Борис Колымагин. Он высок, прозрачен, неповторим. Велимир владеет всем миром: Хлебников в поэзии «второй культуры». — «НГ Ex libris», 2022, 23 июня <http://www.ng.ru/ng_exlibris>.

«Владимира Маяковского андеграунд читает одновременно в двух регистрах.  В одном он прилагает огромные усилия к тому, чтобы не слышать то, о чем говорит поэт. Воспринимает слова о революции как шум автотрассы. Если же речь достигает сознания, то ее отталкивают как подплывшую к лодке льдинку. В другом регистре внимательно прислушиваются к тому, как он говорит. С Хлебниковым ситуация немного другая. Его политические взгляды практически не обсуждают. Есть редкие исключения. Например — реплика Сергея Кулле. В заметке „О Хлебникове” (1979) он проводит разграничительную линию между Хлебниковым-поэтом („Он высок, прозрачен, неповторим”) и Хлебниковым — певцом русской революции. Кулле цитирует строчки из стихотворения „Не шалить!”: „Не затем у врага / Кровь лилась по дешевке…” И спрашивает: „Ну а зачем? А зачем же, Велимир, Председатель Земного Шара?” В ситуации с Хлебниковым андеграунду не приходится искусственно не замечать большевистской риторики. Это не проблема, как в случае с послереволюционной поэзией Маяковского и „Двенадцатью” Блока. Сердце поэта лежит в области стиха, а все остальное и прежде всего идеология — по касательной. Об этом внятно пишет Геннадий Айги: „Думаю, что сейчас уже — не вина поэта, если кто-то продолжает искушаться в нем теми его ‘благими намерениями‘, которые пережили себя, которые пережила его блестящая поэзия”».

 

Марина Кудимова. Пушкин как вид нищенства. Глава из книги «Кумар долбящий и созависимость. Трезвение и литература». — «Гостиная», выпуск 114 (Лето, 2022) <https://gostinaya.net>.

«Я бессчетно слушала чтение стихов. Я слушала их в Лужниках и Политехническом, на кухне и кладбище.

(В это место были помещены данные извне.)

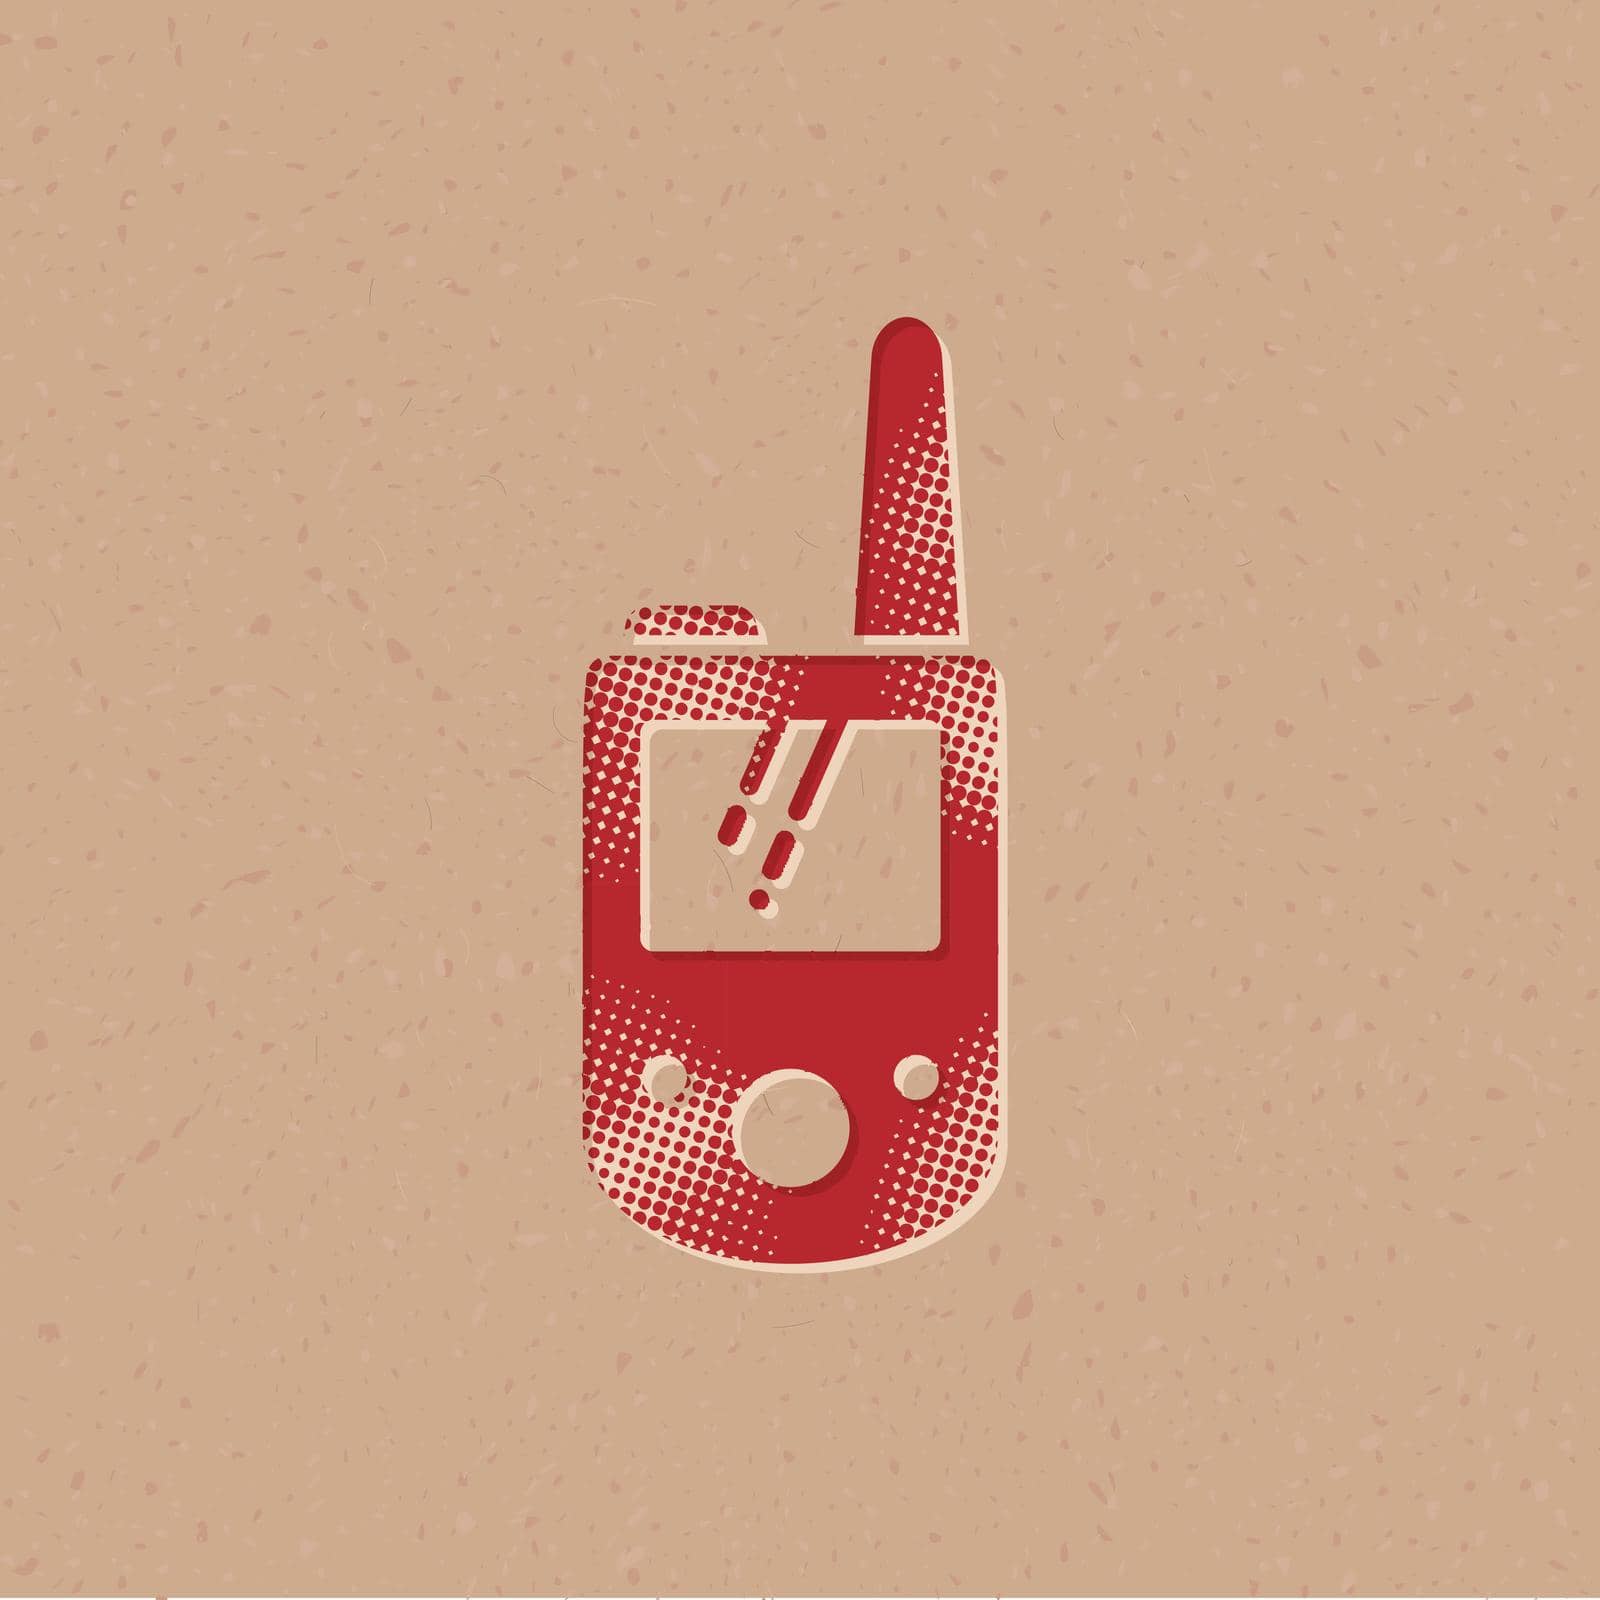 Handie talkie icon in halftone style. Grunge background vector illustration.

Я по молодости и сама их читывала в разных местах, включая молочно-товарную ферму и плавбазу. Правда, всегда испытывала от этого неловкость. Старуха взялась обеими руками за держалку, приделанную к спинке сиденья. Чего угодно можно было от нее ожидать в плане способов выпросить маленько на пропитание. Чего угодно, а пуще всего — прибеднения, достоевщины этой склеротической, мармеладовщины самоупоенной. Старуха посмотрела в себя черными — сплошное антрацитовое яблоко — глазами и членораздельно выговорила: „Буря мглою небо кроет…”».

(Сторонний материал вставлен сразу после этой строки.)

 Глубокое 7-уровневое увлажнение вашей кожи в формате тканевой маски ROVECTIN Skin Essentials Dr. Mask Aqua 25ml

«Старуха была явно не в себе. В маразме она была. Ей щедро подали, и по законам жанра следовало переходить в другой вагон, в тамбуре переложив выручку за пазуху, с глаз долой. Нет, продвинулась подальше, дала выйти партии обитателей „спального” района, и продолжала урок. Потому что она, несомненно, была в прежней жизни учительницей. И профессиональный навык в ней залег в такие недра сознания, что и маразм его не тронул, не нашел, как хлеб, зарытый в период продразверстки. И сконцентрировался этот первичный — он же последничный — навык на Пушкине Александре Сергеевиче, угнездился в нем. Все ушло, рассеялось. Вполне возможно, она не помнила, как ее зовут и есть ли у нее дети. Учительницы про них, своих в смысле, и в лучшую пору часто забывают, сосредоточившись на чужих. Лев Толстой в старости путал имена сыновей и писал в дневник, что это не имеет никакого значения. А Пушкин остался в этой практически сданной крепости последним бойцом, самураем, гвардейцем: „Умираю, но не сдаюсь!”, мол. Национальный гений превратился в ген, хранящий основание национального бытия, — язык. Здесь подобная апелляция не просто уместна — без нее не обойтись. Пушкин стал „языком”, приведенным из разведки в подсознание. Почему-то старуха помнила только хореические стихи — с ударением на первой стопе: „Сквозь волнистые туманы…”».

 

«Меня нужно понять — либо меня нет». Марина Цветаева на итальянском языке. С Мариленой Реа беседует Татьяна Быстрова. Перевод и вступление Татьяны Быстровой. — «Иностранная литература», 2022, № 5 <https://magazines.gorky.media/inostran>.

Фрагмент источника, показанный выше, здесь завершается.